HC Deb 01 April 1968 vol 762 cc24-6
82. Mr. Ridley

asked the Secretary of State for Foreign Affairs what further proposals he has received from the French Government for increasing trade between the European Economic Community and the United Kingdom.

Mr. M. Stewart

None, Sir.

Mr. Ridley

Does it not look as though President de Gaulle has now vetoed his own proposal for closer association between the Six and the Seven? In view of the President's intransigent attitude, would not the right hon. Gentleman feel that it would be worth while to go to Paris and really find out what the French do want; and get to the bottom of the matter?

Mr. Stewart

This is not just a matter between us and the French. Our application for membership was made to the Community as a whole. The E.E.C. Council of Ministers is meeting again at the end of this week, and will no doubt continue discussion of a number of proposals, including the terms of the plan put forward after Chancellor Kiesinger's visit to Paris. We have made it clear that we would be prepared to consider any proposal made to us by the Six as a whole.

Mr. Jay

Now that we have a new Foreign Secretary, might we not make still further progress and have some new ideas on this whole issue?

34. Mr.
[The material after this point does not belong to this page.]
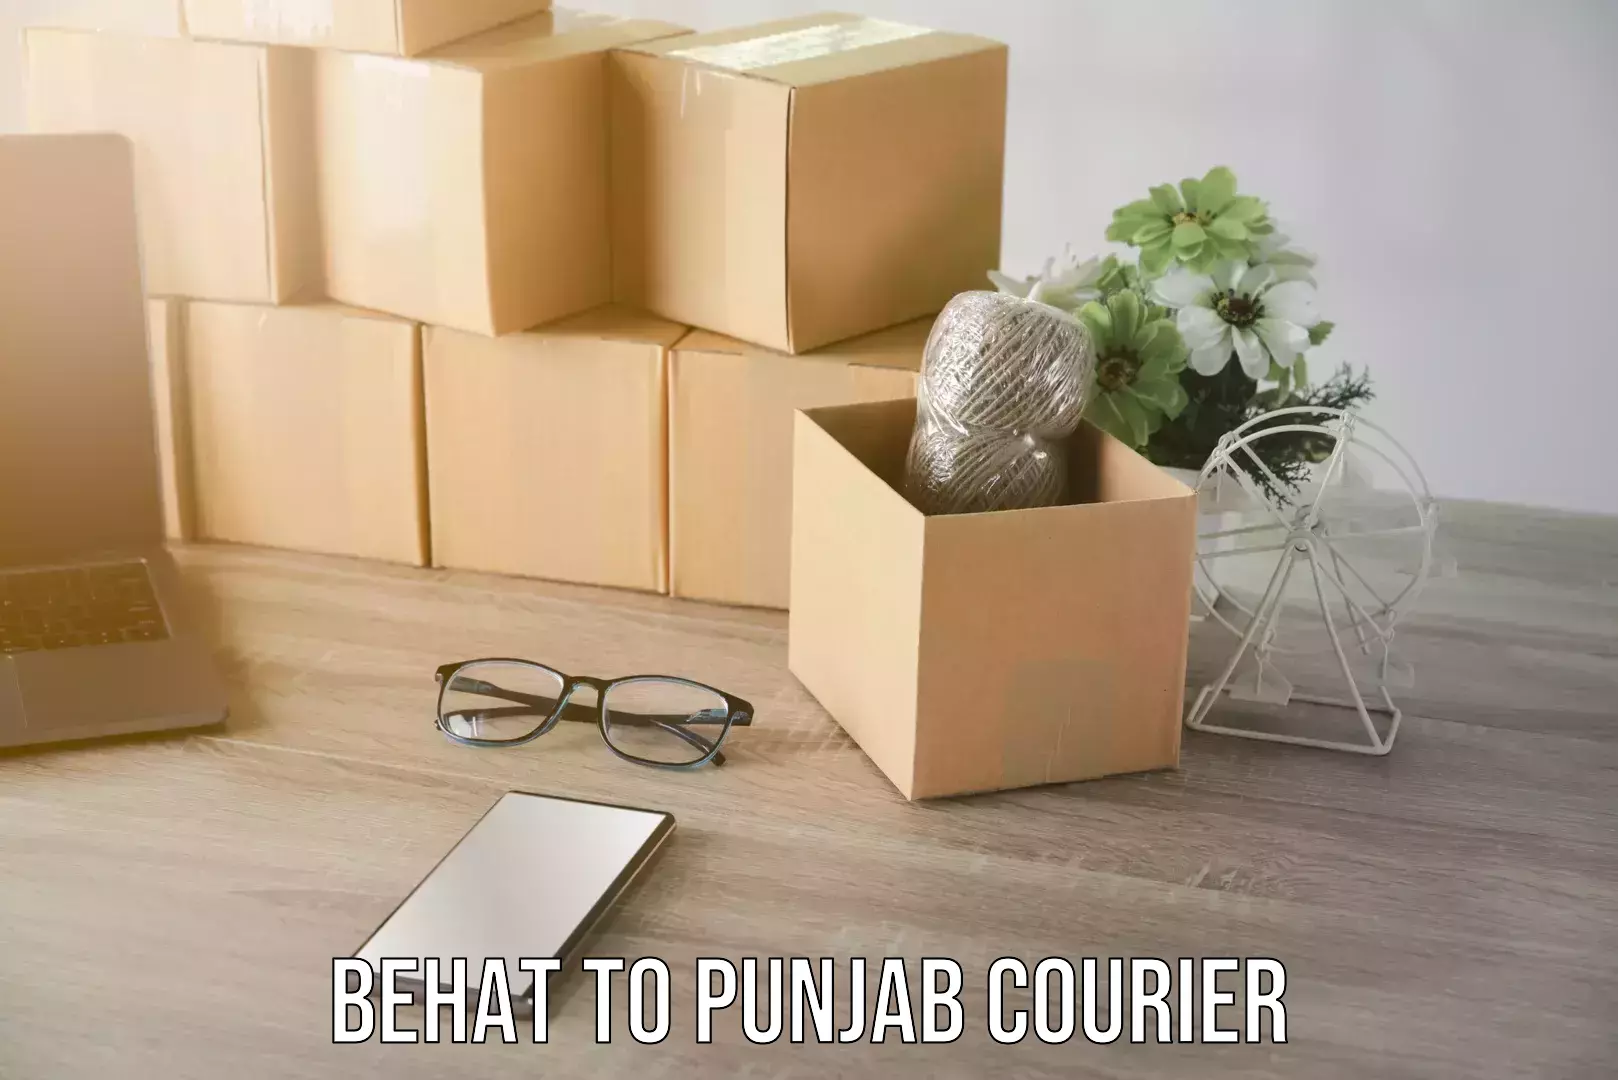 Efficient parcel service Behat to Punjab

St. John-Stevas

asked the Secretary of State for Foreign Affairs whether he will make a further statement on his policy regarding the Franco-German plan to link Great Britain with the Common Market.

Mr. M. Stewart

I take it that the hon. Gentleman is referring to the Franco-German Declaration and the German development of it.

I have nothing to add to the reply given by my right hon. Friend the Prime Minister to my hon. Friend the Member for Birmingham, Northfield (Mr. Chapman) on 19th March.—[Vol. 761, c. 77.]

Mr. St. John-Stevas

Would the foreign Secretary say now whether a policy of association with the Common Market would be acceptable to Her Majesty's Government provided that it contained a clear timetable for eventual full membership?

Mr. Stewart

As has been said before, there are great difficulties about an approach of this kind, but, as I said in answer to an earlier Question, this matter is for discussion among the E.E.C. Ministers. We would certainly consider any proposals which came to us from the Six as a whole.

Sir Alec Douglas-Home

Would the right hon. Gentleman give the House the benefit of what definition there is in this proposal? He says that it is going to be discussed in the E.E.C., but what is to be discussed in the E.E.C.? Could have it published in the OFFICIAL REPORT some time?

Mr. Stewart

I do not think I could give that straight away in answer to a question. It was not a proposal made to us. I may be able to tell the House more about it at a later stage.

Mr. Michael Foot

Does not my right hon. Friend think, apart from any proposal for association, that the original proposal for entry to the Common Market is one of the Cecil King policies which have collapsed? Does not my right hon. Friend think that Cecil King owes an apology to the country and to the Government?

Mr. Stewart

I remind my hon. Friend that it was one of the policies mentioned in the election manifesto.

41. Mr. Henig

asked the Secretary of State for Foreign Affairs what communications he has now had with the Governments of Belgium, Luxembourg and the Netherlands on the subject of the Benelux plan; and whether he has indicated Her Majesty's Government's acceptance or rejection of the plan.

Mr. M. Stewart

I refer my hon. Friend to the reply my predecessor gave to the hon. Member for Chelmsford (Mr. St. John-Stevas) on 26th February.—[Vol. 759, c. 932–24.]

Mr. Henig

Does not my right hon. Friend agree that, given that the French are not involved, the Benelux plan must be a non-starter? Does not he think that there is something slightly illogical in the British Government's being prepared to talk about the future of our relations with Europe with friendly Governments like the Government of the Netherlands whilst not apparently being prepared to talk with the Government of France, who are the cause of the main obstacles to our present policy?

Mr. Stewart

No. There is a difference here. The Benelux proposals were definite proposals made to us. The Franco-German statements are not at present in the form of proposals to us.